◆ **DIRECTIONS**:
Without including any pictures, write out the listing below exactly.
START SOURCE MATERIAL
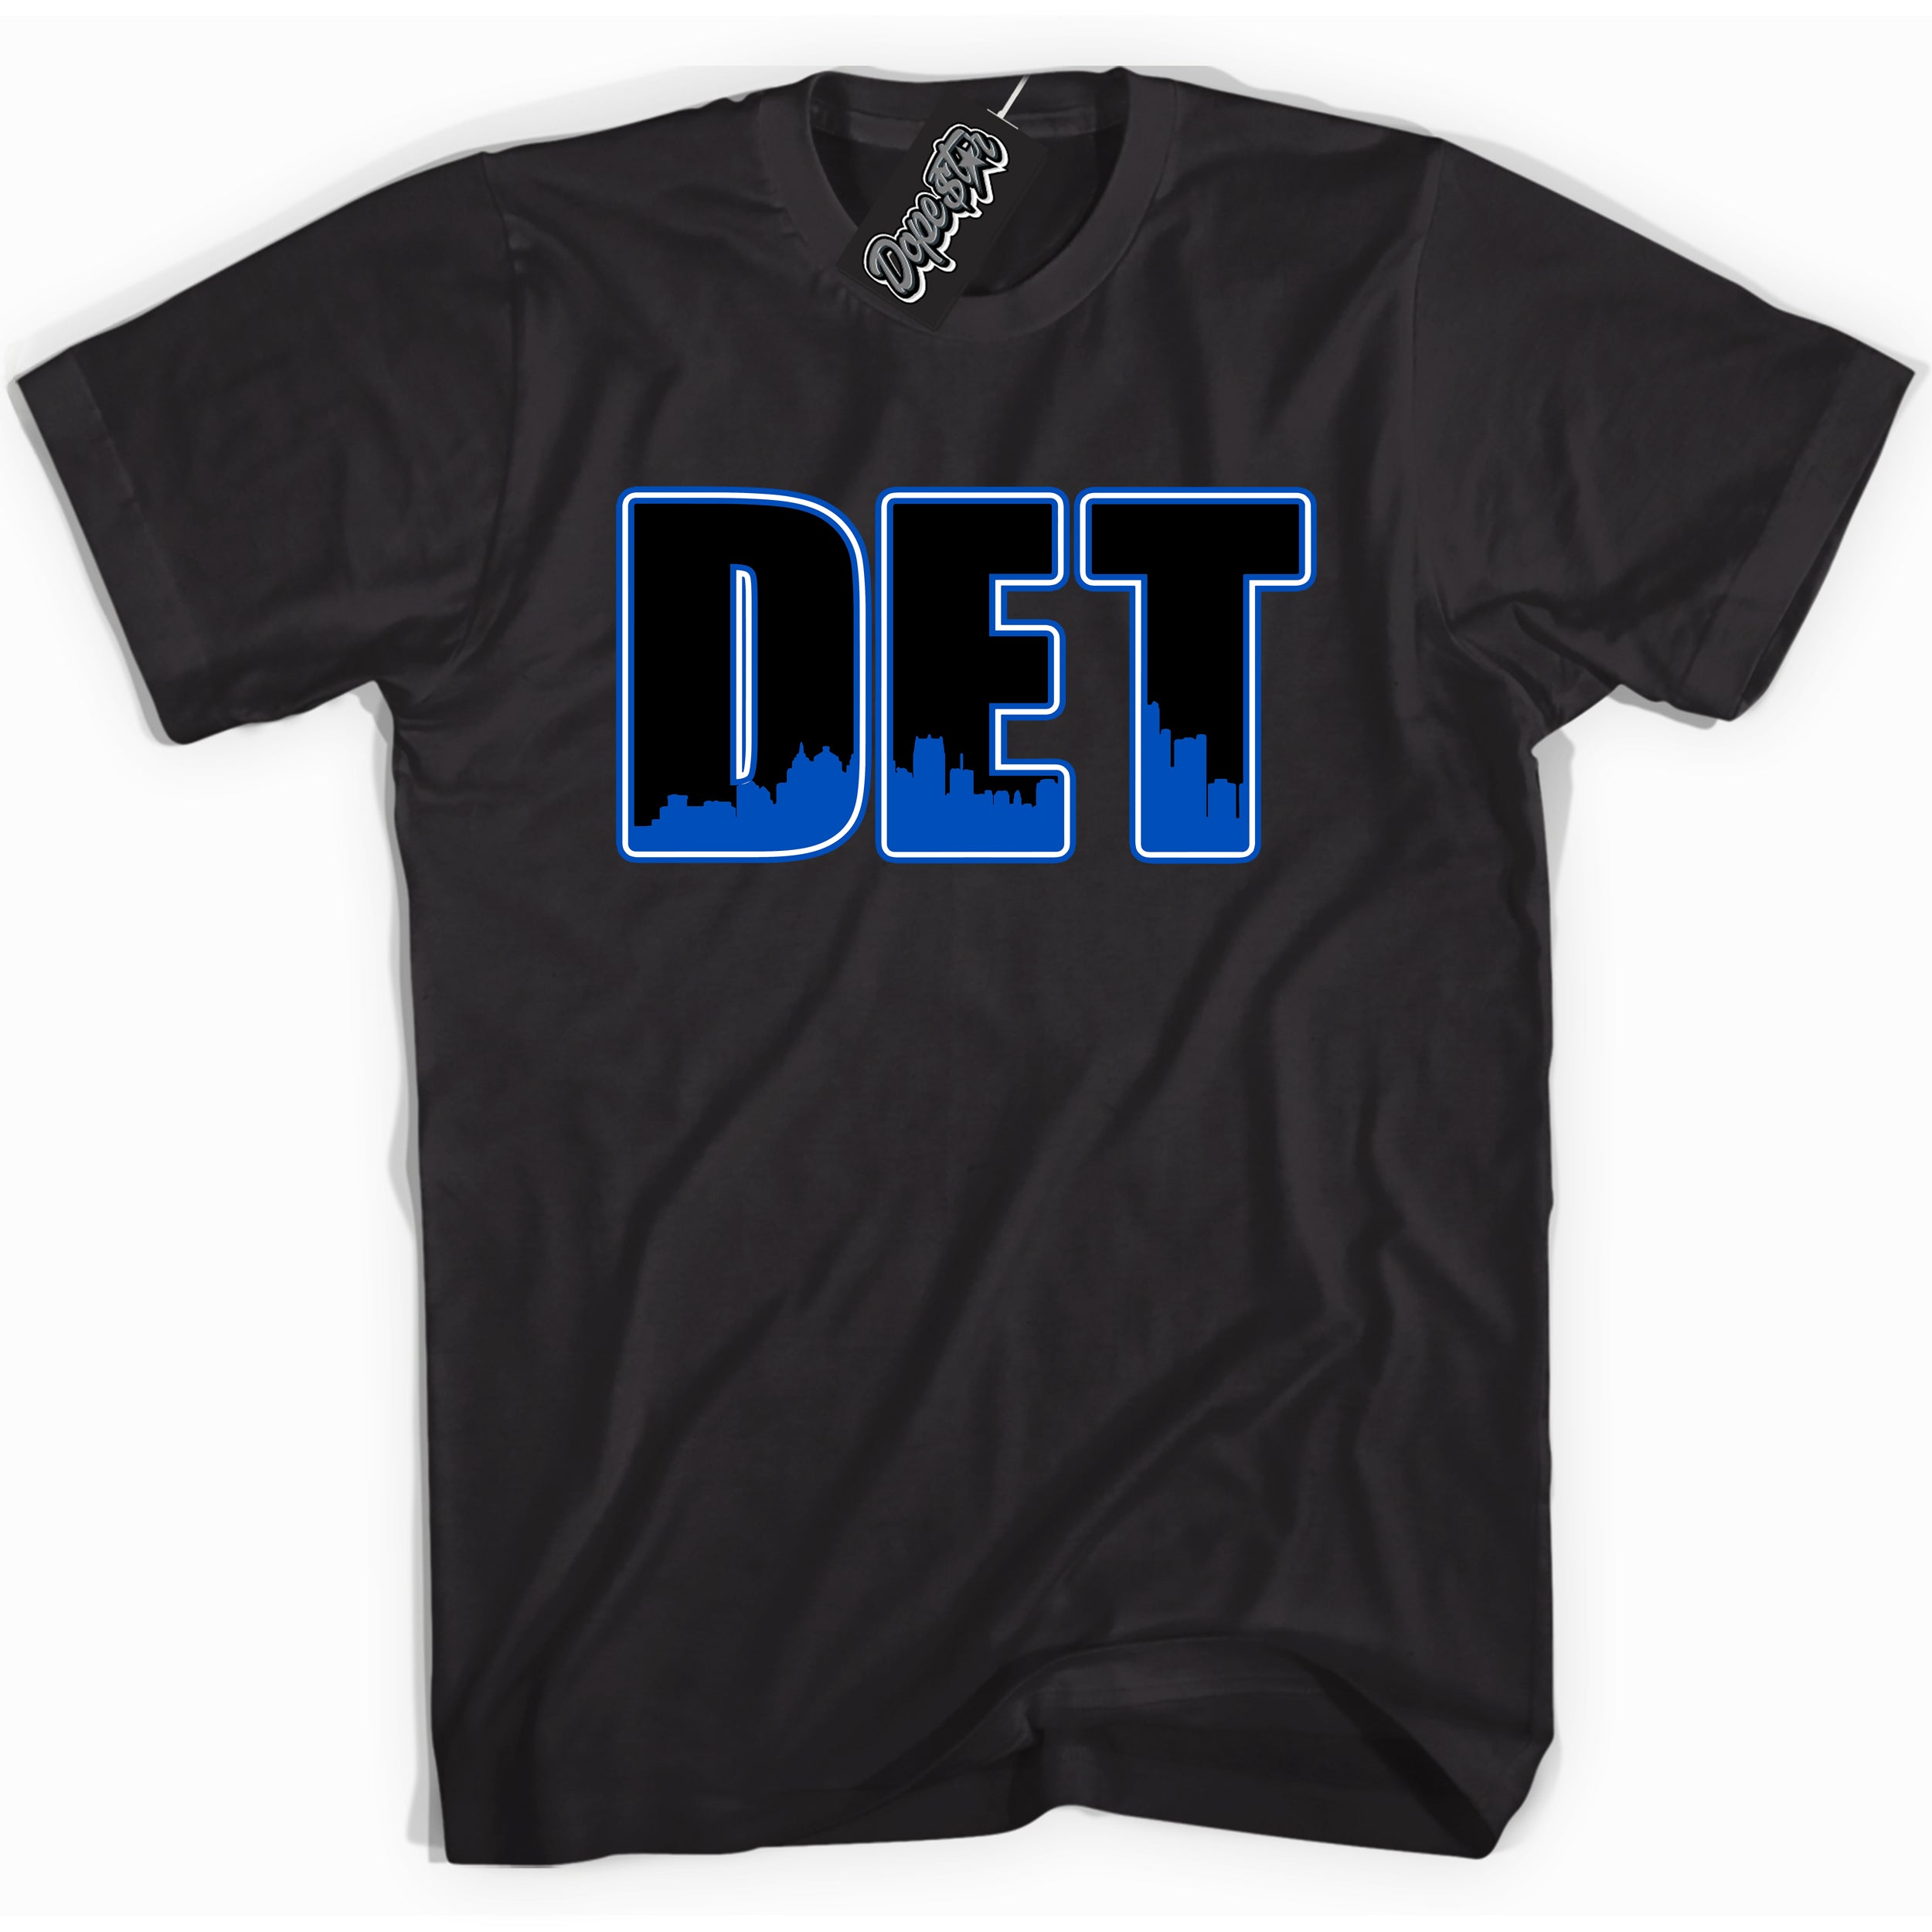 Cool Black graphic tee with "Detroit" design, that perfectly matches Royal Reimagined 1s sneakers 
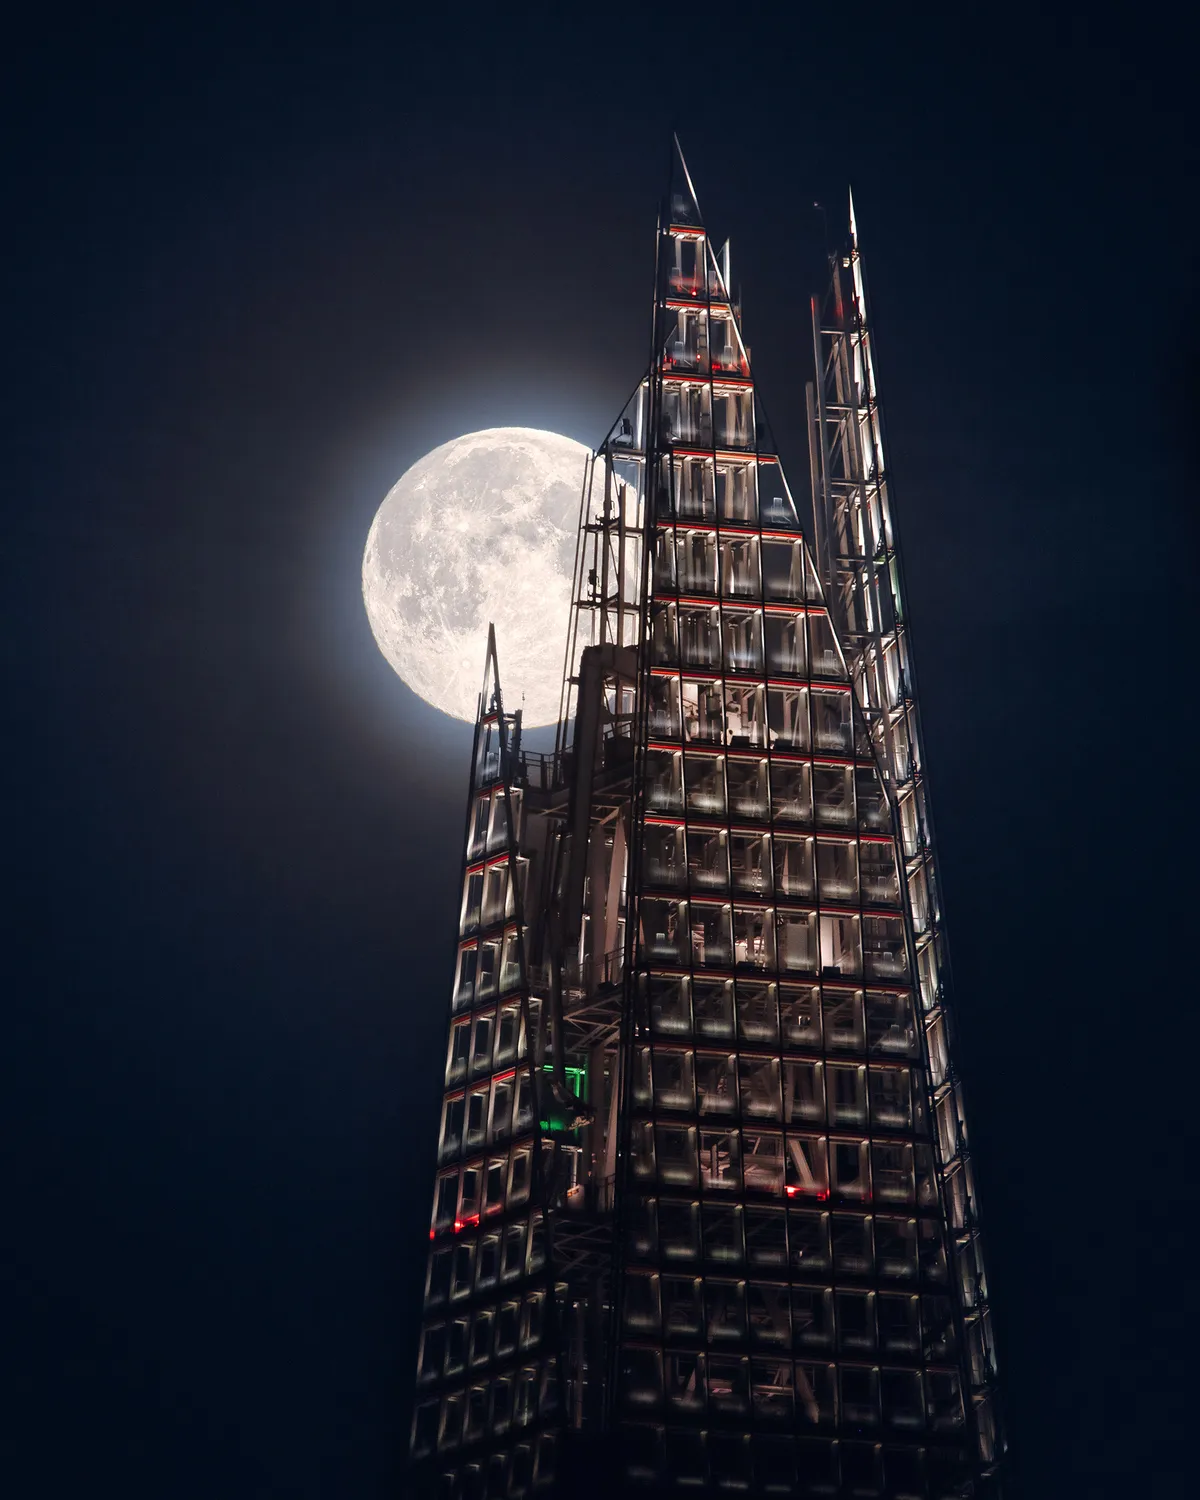 The Moon and the Shard Mathew Browne (UK). Category: Our Moon. Equipment: Nikon D850 camera, 550 mm f/10 lens, ISO 320, 3 x 1/80-second exposures
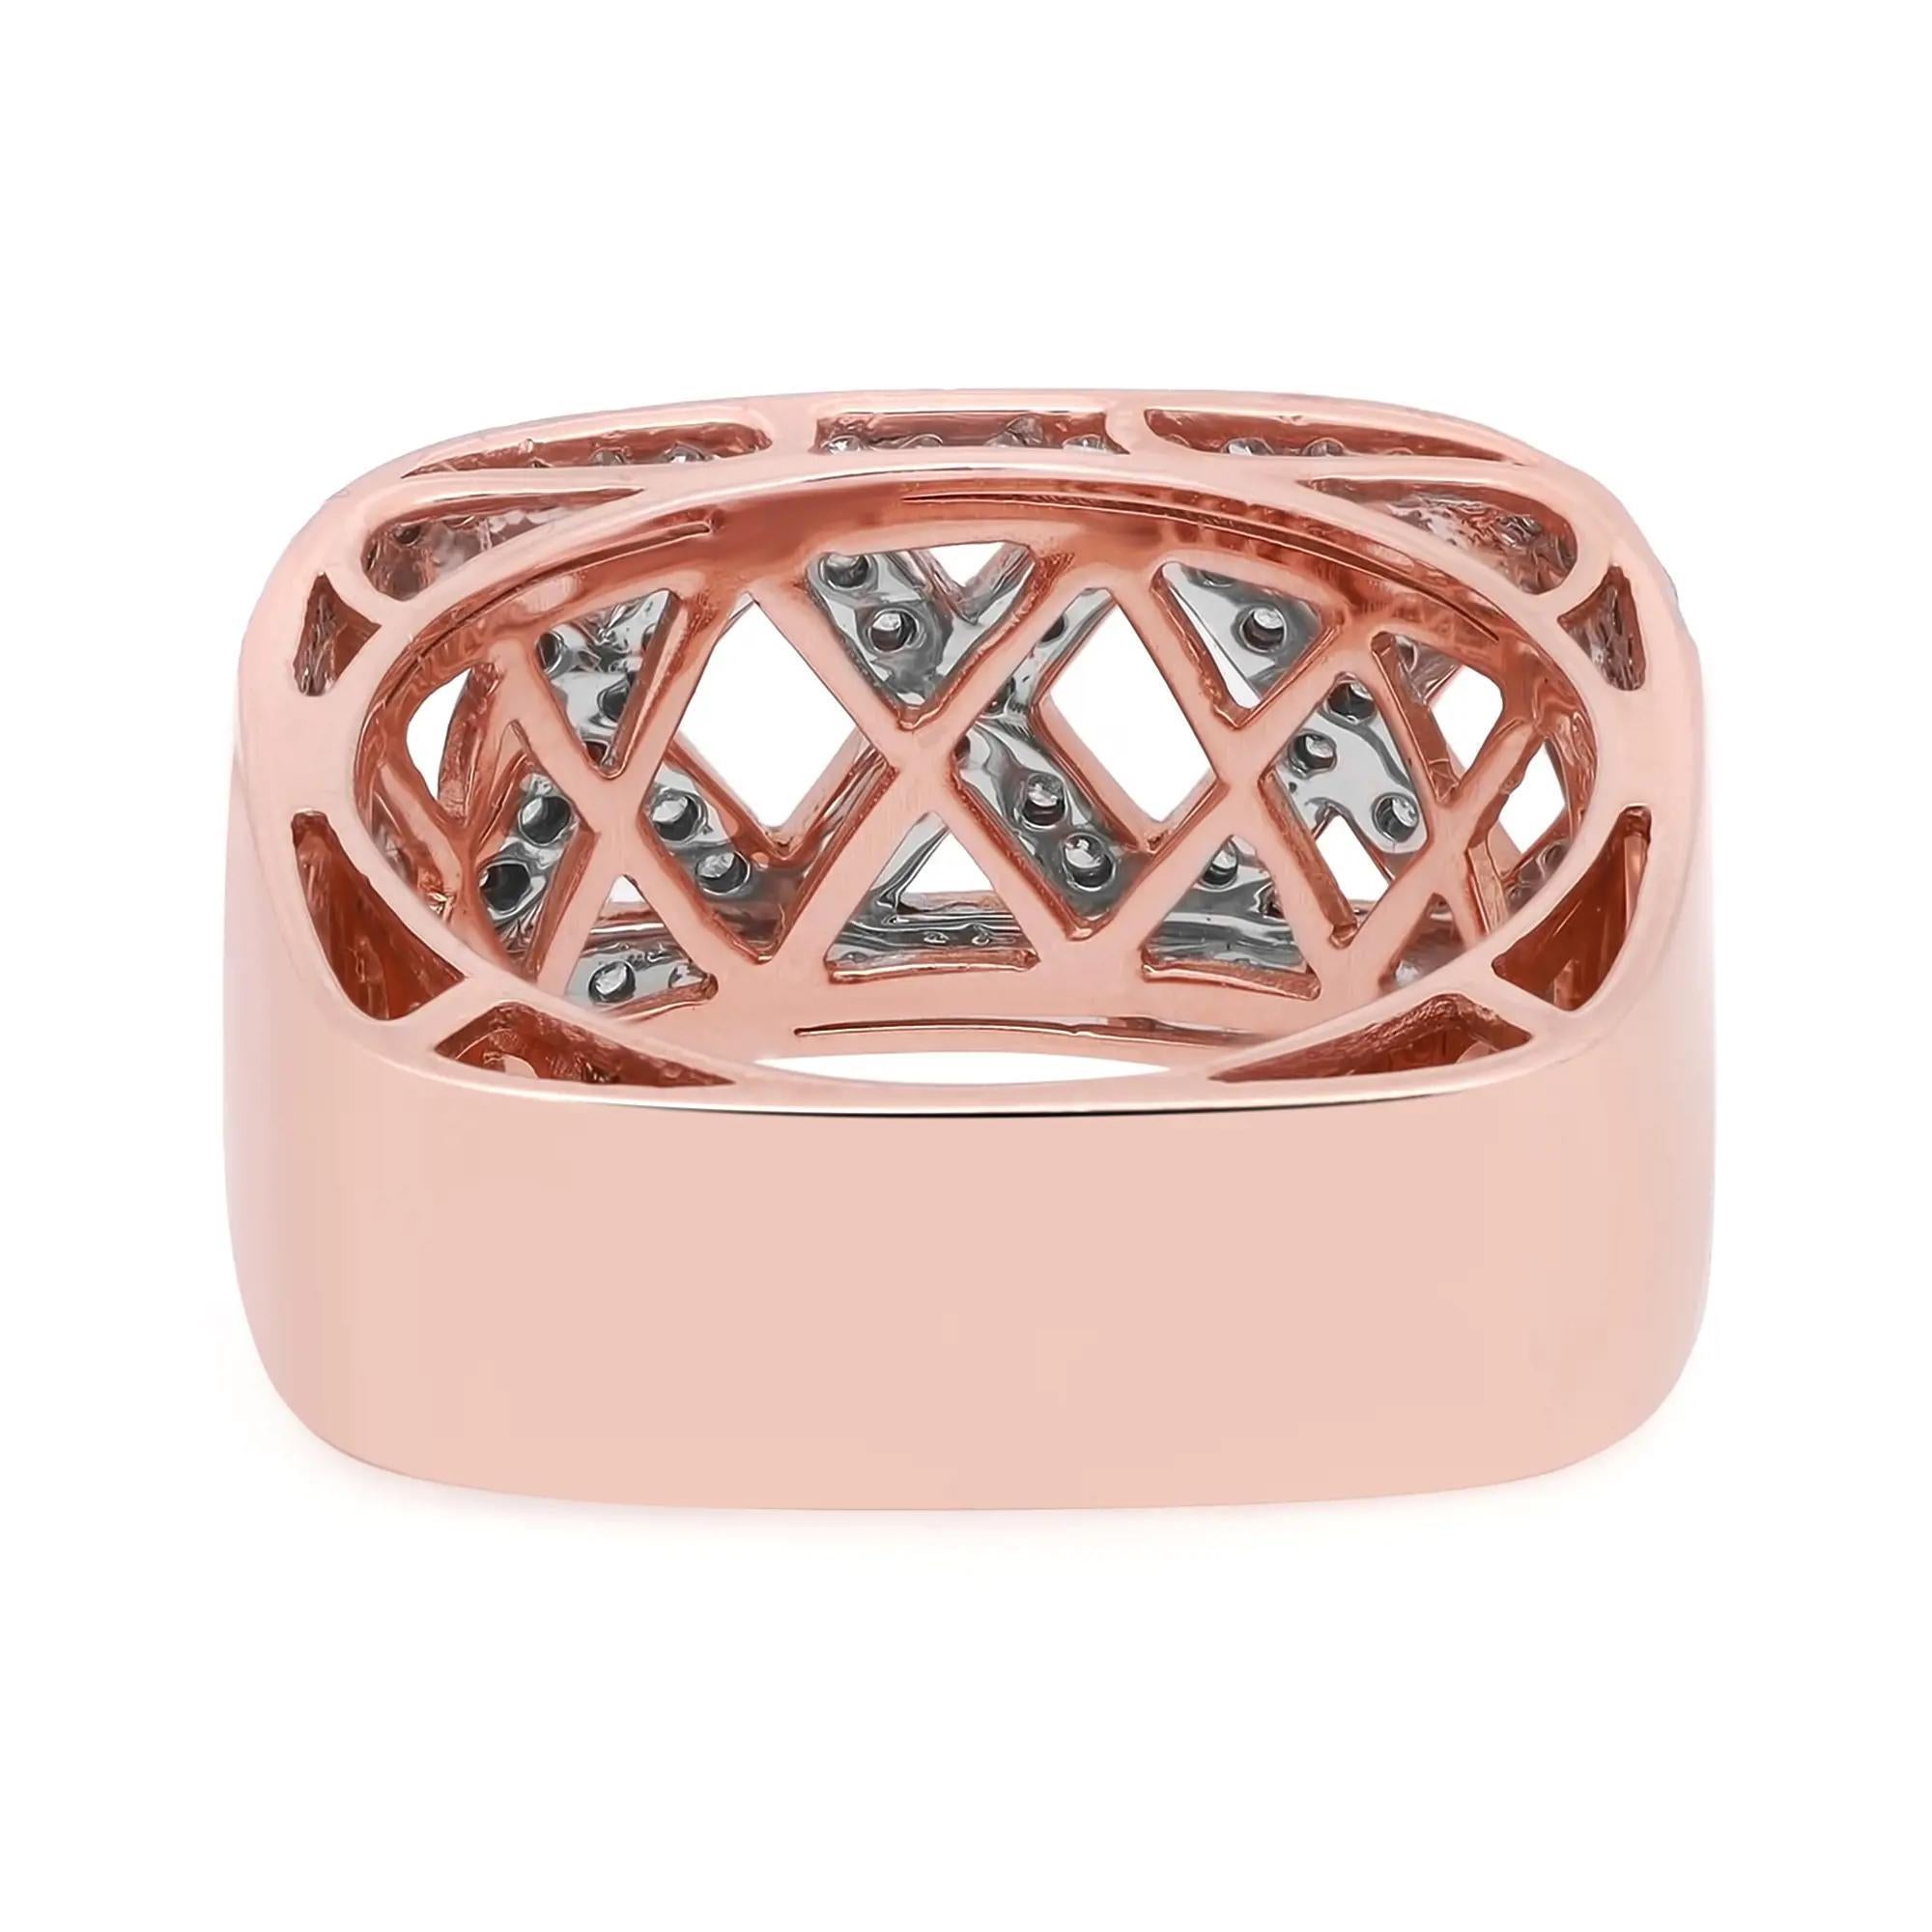 This wide band openwork crisscross square ring is crafted in high polished 14K rose gold. Set with round cut diamonds, totaling 0.54 carat. The diamond color is H-I with SI-I clarity. Ring size 7.5. Width of the ring 10.3 mm. Total weight: 8.20
END SOURCE MATERIAL
◆ **SOLUTION FOR THIS TASK**:
 Cool Black graphic tee with "Detroit" design, that perfectly matches Royal Reimagined 1s sneakers 
 The Moon and the Shard Mathew Browne (UK). Category: Our Moon. Equipment: Nikon D850 camera, 550 mm f/10 lens, ISO 320, 3 x 1/80-second exposures
 This wide band openwork crisscross square ring is crafted in high polished 14K rose gold. Set with round cut diamonds, totaling 0.54 carat. The diamond color is H-I with SI-I clarity. Ring size 7.5. Width of the ring 10.3 mm. Total weight: 8.20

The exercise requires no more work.